For faces up front, The Chemical Brothers tapped singer-songwriter Beth Orton, who had performed on Exit Planet Dust, to lend her voice to the morning-after anthem ‘Where Do I Begin?’. And apparently, after admiring their collaboration with Tim Burgess of indie rock band The Charlatans, Noel Gallagher, while bantering casually backstage at Glastonbury, offered to sing on any forthcoming single. The Chemical Brothers’ collaborative work and adroit sampling across the stylistic and chronological spectrum — from Rare Earth and the Rhythm Makers to Schoolly D’s 1989 ‘Gucci Again’ — would garner them the mainstream audience’s elusive attention.
It was the internet that helped propel The Chemical Brothers from Manchester into suburban homes across America
Concurrently, the American press started taking a bigger interest in the duo, with feature-length interviews in magazines like Rolling Stone and SPIN. Music video broadcasters MTV in the US and MuchMusic in Canada, too, were moving away from grunge and alternative rock, and pushing electronica. MTV inaugurated its electronic music-themed AMP show in 1996, and MuchMusic increasingly began featuring electronica acts on its popular news weekly, The New Music (hosted at the time by Avi Lewis, now spouse to Naomi Klein). These innovative audiovisual media outlets introduced artists like The Chemical Brothers to far-flung and geographically diverse audiences. And Dig Your Own Hole produced three extraordinary video singles — dom&nic’s ‘Block Rockin’ Beats’ and ‘Setting Sun’, and the Spike Jonze-directed ‘Electrobank’ — a remarkable feat for one album.
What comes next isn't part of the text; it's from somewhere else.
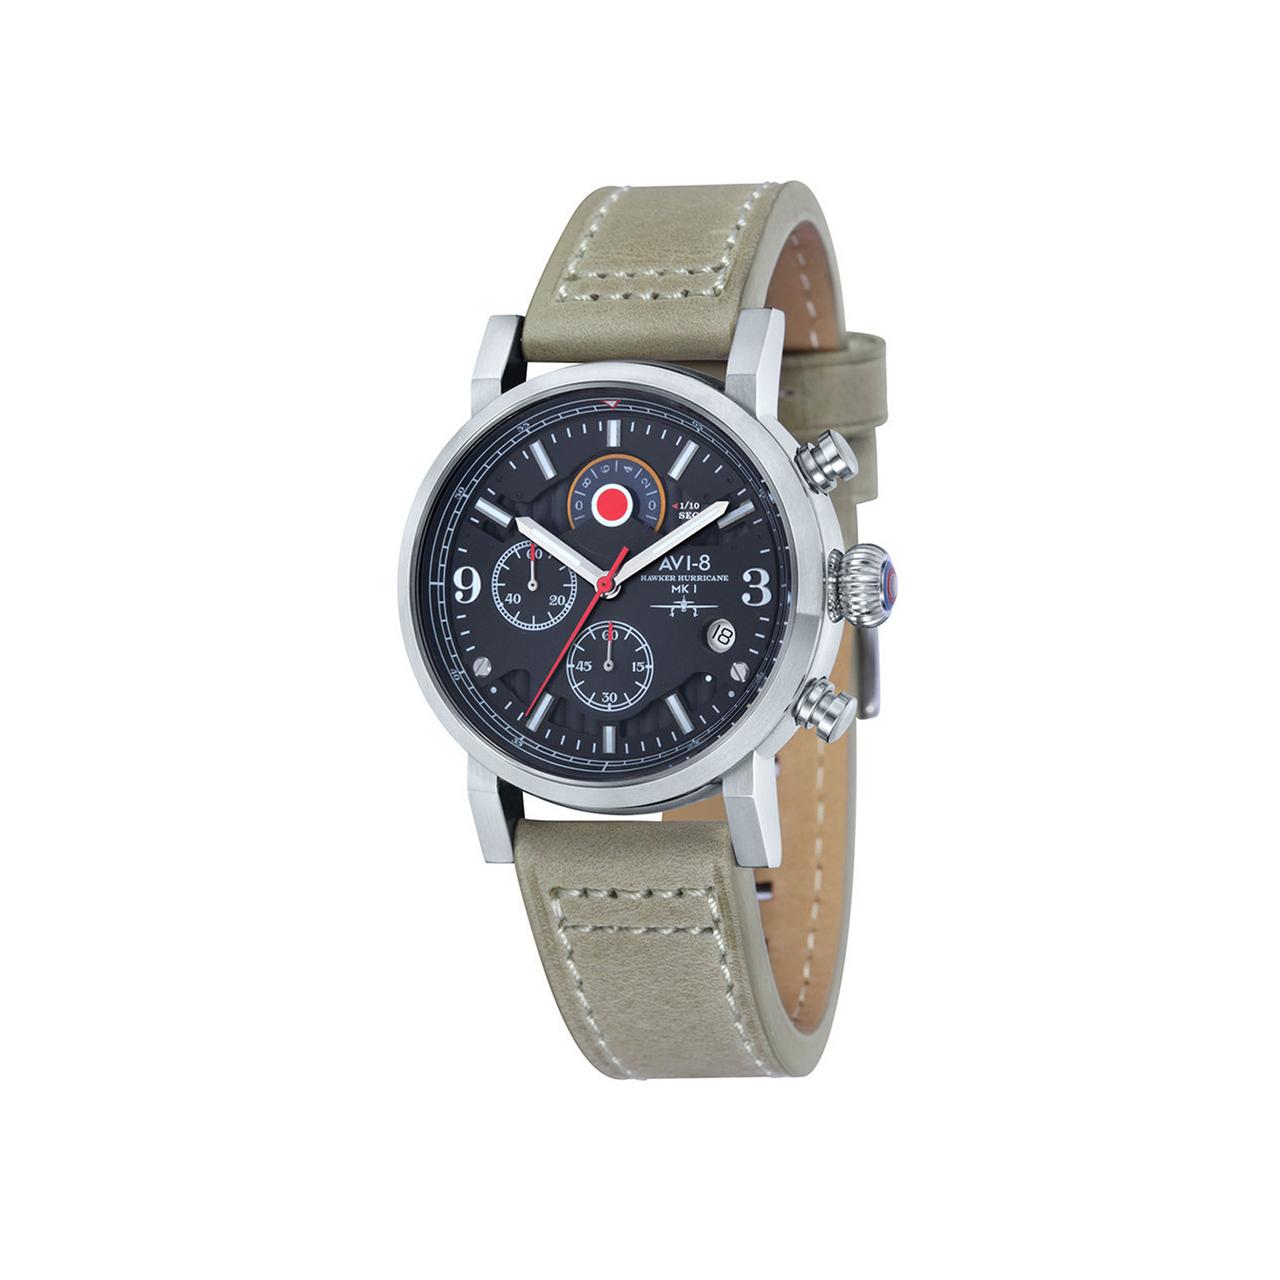 ساعت مچی عقربه ای مردانه ای وی-8 مدل AV-4041-02

But it was the internet, or rather the enthusiasm surrounding it, that helped propel The Chemical Brothers from Manchester into suburban homes across America — when Microsoft licensed ‘Chemical Beats’, a track from their debut album, for an Internet Explorer TV advert. Electronica, with its opaque deployment of state-of-the-art music technologies, seemed like the ideal genre to promote Bill Gates and Silicon Valley’s technotopian, futuristic vision. Little did The Chemical Brothers know that, by buying into this novel worldwide network, they were effectively digging their own hole: it was only a matter of time before tech-savvy computer users realized that, in addition to chatting online, they could share virtually anything digital, including music.
Still, the electronic music communities of 1997 may have been the last to coalesce authentically, in meatspace, before Napster, Myspace and their descendants rerouted cultural circulation. I caught The Chemical Brothers’ performance at the Rage in Vancouver on May 8, 1997. It was one of those gigs where, at a certain point, you turn around from the foot of the stage and witness an entire crowd moving in unison — girls, boys, brown skin, yellow skin, red skin, white skin — a brotherhood and sisterhood of humankind.
It’s 20 years on, and I haven’t so much rediscovered The Chemical Brothers. The truth is, for the past two decades, they’ve never really left regular rotation. Dig Your Own Hole holds up remarkably well in contrast to so many of its contemporaries: the riffs still wail, the fills still flam, the bass still bangs, and the beats are still big enough to rock the block.